Vogelperspektive
Als Vogelperspektive (auch „Obersicht“ oder Vogelschau) bezeichnet man in der Darstellenden Geometrie Perspektiven, die einen Gegenstand von oben oder schräg oben zeigen. Der Betrachter sieht dadurch den Gegenstand so wie ein hoch über ihm fliegender Vogel.
Im Unterschied dazu bezeichnet die Normalperspektive die Betrachtung aus normaler Augenhöhe eines stehenden Betrachters und die Froschperspektive die Betrachtung von einem unter der normalen Augenhöhe liegendem Augenpunkt.
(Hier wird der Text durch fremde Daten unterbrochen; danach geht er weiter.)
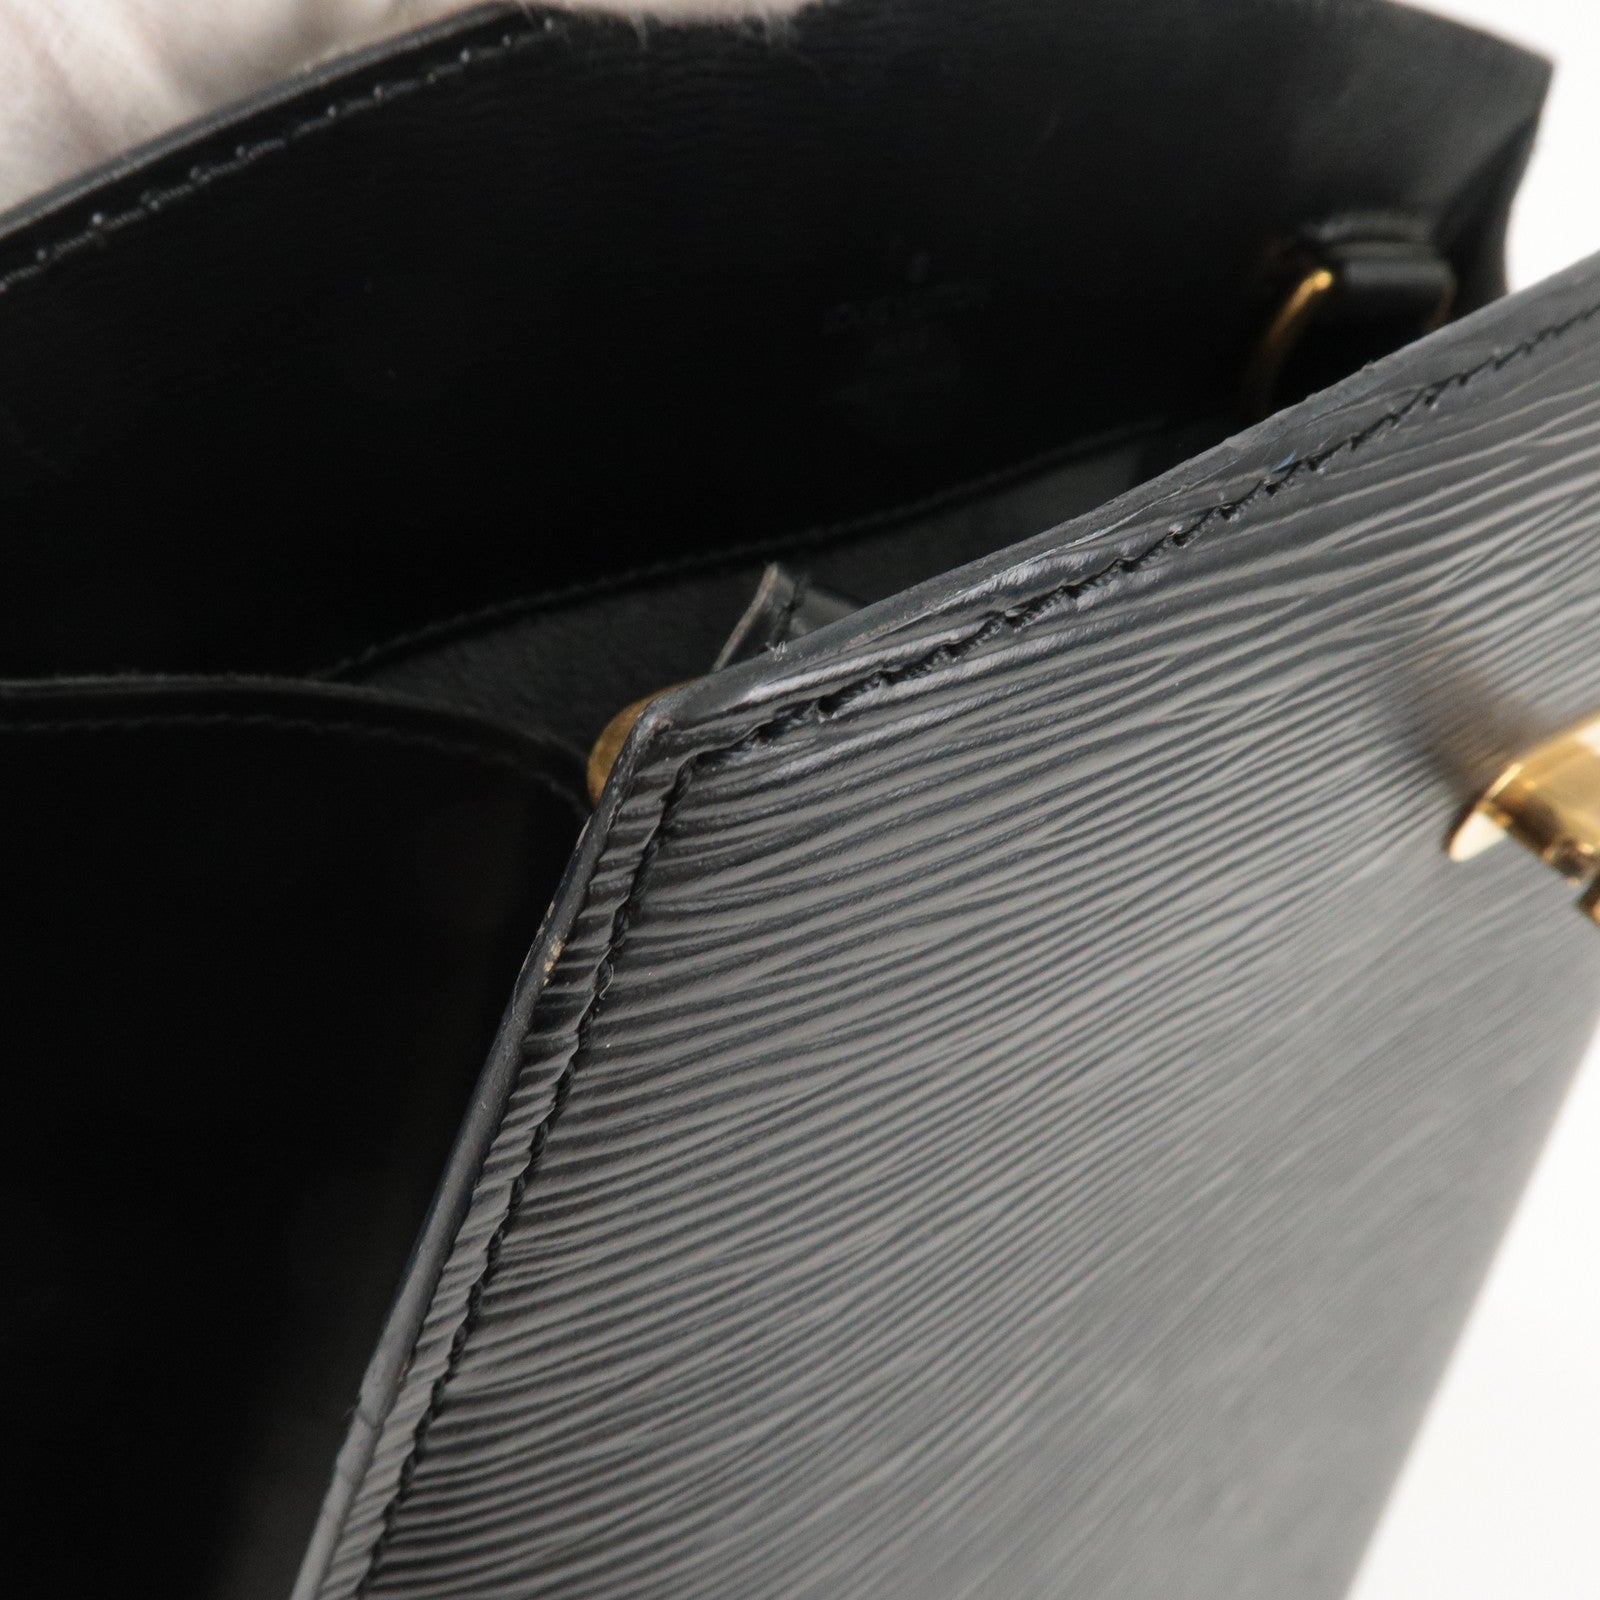 Black Louis Vuitton Epi Cluny Shoulder Bag, Infrastructure-intelligenceShops Revival
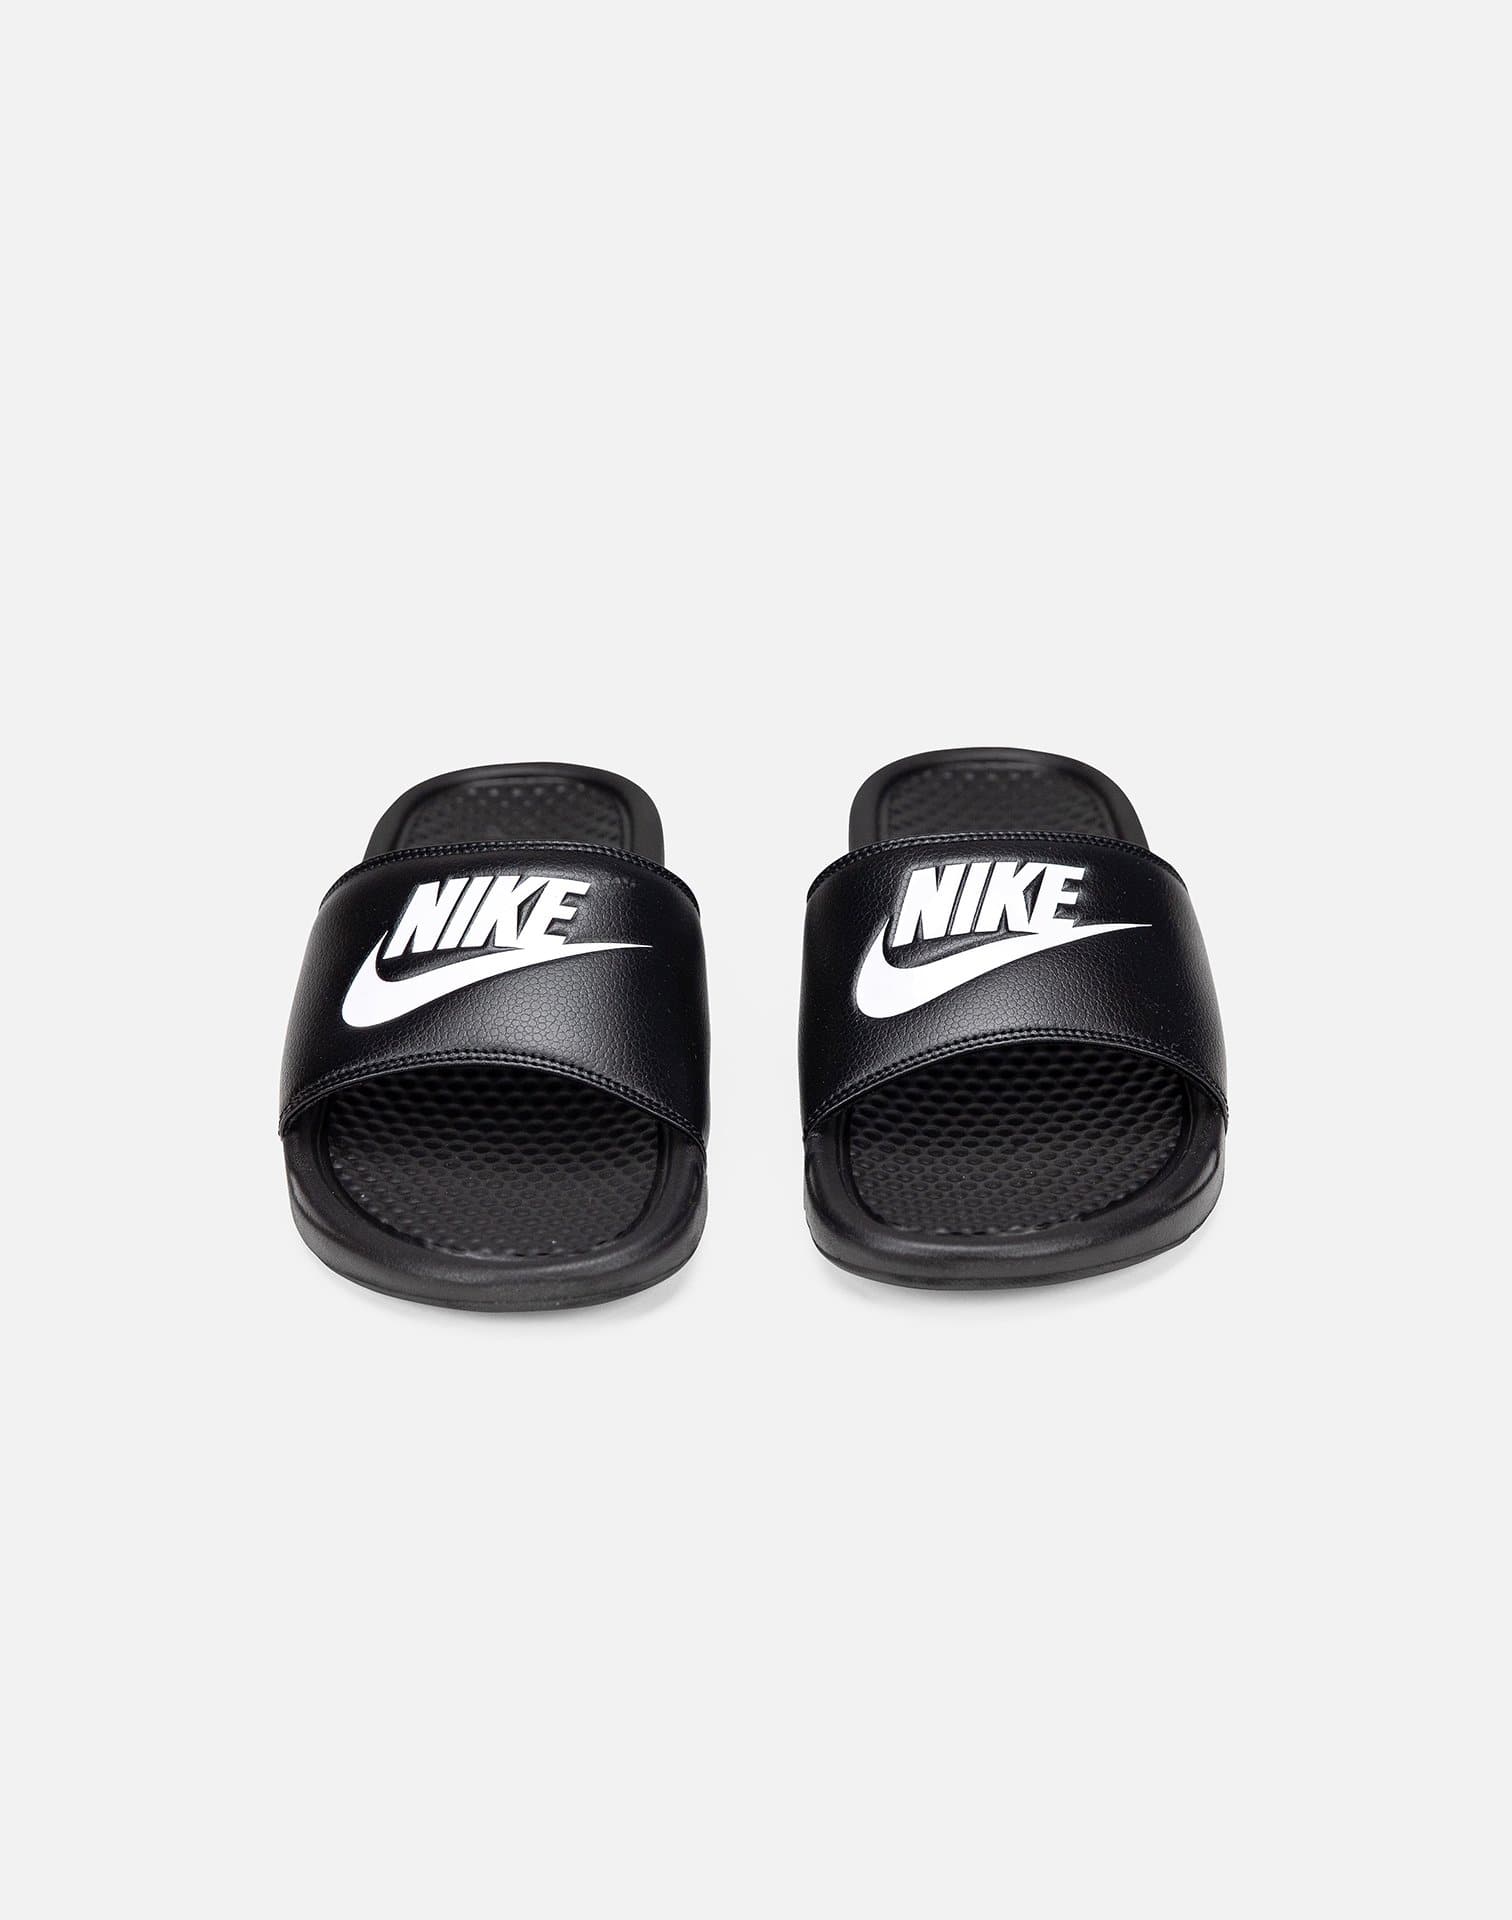 Nike Just Slides – DTLR

Alle drei Arten bezeichnen aber eigentlich nicht die Lage und Orientierung von Objekten zum Betrachter, sondern vielmehr die jeweilige Lage der Horizontlinie (Augenhöhe des Betrachters) im Vergleich zur Bildmitte.
Vogelperspektive als Zentralprojektion
Vogelperspektiven, die den Abbildungen durch das menschliche Auge und durch den Fotoapparat entsprechen, sind Zentralprojektionen.
- Zentralprojektion in Vogelperspektive
- Aufnahme aus der Vogelperspektive
- Aufnahme aus der Vogelperspektive
- Aufnahme eines Dorfes aus der Vogelperspektive
- Husarenkaserne, Kassel, aus der Vogelperspektive
Geometrische Konstruktion aus Grundriss und Aufriss
Geometrisch lässt sich die Vogelperspektive, ebenso wie jede andere Zentralprojektion, einfach aus den Parallelprojektionen Grundriss und Aufriss konstruieren.
Die Lage des Augenpunktes O und der Bildebene B wird im Aufriss gezeichnet. Ein bevorzugter Objektpunkt wird von O aus auf die Bildebene B projiziert und eine horizontale Gerade B'1 durch seinen Bildpunkt gezogen. Die Grundrissdarstellung muss nun abstandsrichtig zu dieser Horizontalen positioniert werden. Der Grundriss des Augenpunktes O' wird ebenfalls im entsprechenden Horizontalabstand gezeichnet, wobei seine Lage in horizontaler Richtung (parallel zu B'1) wählbar ist. Für jeden Objektpunkt Pi wird im Aufriss das Bild auf B erzeugt und die Grundrissparallele B'i des Bildpunktes gezogen. Der Schnittpunkt der Grundrissprojektion von O' aus mit dieser Grundrissparallele gibt das Bild P'i des Punktes in der Vogelperspektive. Die Perspektive wird durch die Augenhöhe und die Kippung der Bildebene B im Aufriss, der horizontalen Verschiebung des Augenpunktes im Grundriss sowie der Entfernung des Augenpunktes vom Gegenstand bestimmt.
Je nach Wahl der Parameter kann dabei das perspektivische Bild den Grundriss überzeichnen. Bei anderen Kippwinkeln als 45° für die Bildebene B ist das Konstruktionsverfahren komplizierter.
Vogelperspektive als schiefe Parallelprojektion
Der Begriff Vogelperspektive bezeichnet darüber hinaus auch eine schiefe Parallelprojektion (siehe Axonometrie). Diese ist keine Zentralprojektion und findet vor allem in technischen und militärischen Zeichnungen, sowie selten in der Kartografie (siehe Bollmann-Bildkarten-Verlag) Anwendung. Diese Projektion verzerrt den Gegenstand, erlaubt aber dafür zugleich die Darstellung seiner Schrägsicht als auch einen geometrisch unverzerrten Grundriss, wie ihn das Auge oder eine Kamera nicht sehen kann. Bei dieser verzerrenden Perspektive gibt es auch keine Horizontlinie.
Vogelschau in der Kunst
Vogelschaupläne, die eine Stadt, Landschaft oder Sehenswürdigkeit aus der Vogelperspektive meist detailgetreu zeigen, entstanden im frühen 15. Jahrhundert. Sie verwenden nicht notwendigerweise geometrisch wohldefinierte Projektionen.
Insbesondere im 19. Jahrhundert waren Zeichnungen aus der Vogelschau-Perspektive eine Kunst, auf die sich Künstler wie etwa Carl Grote spezialisiert hatten.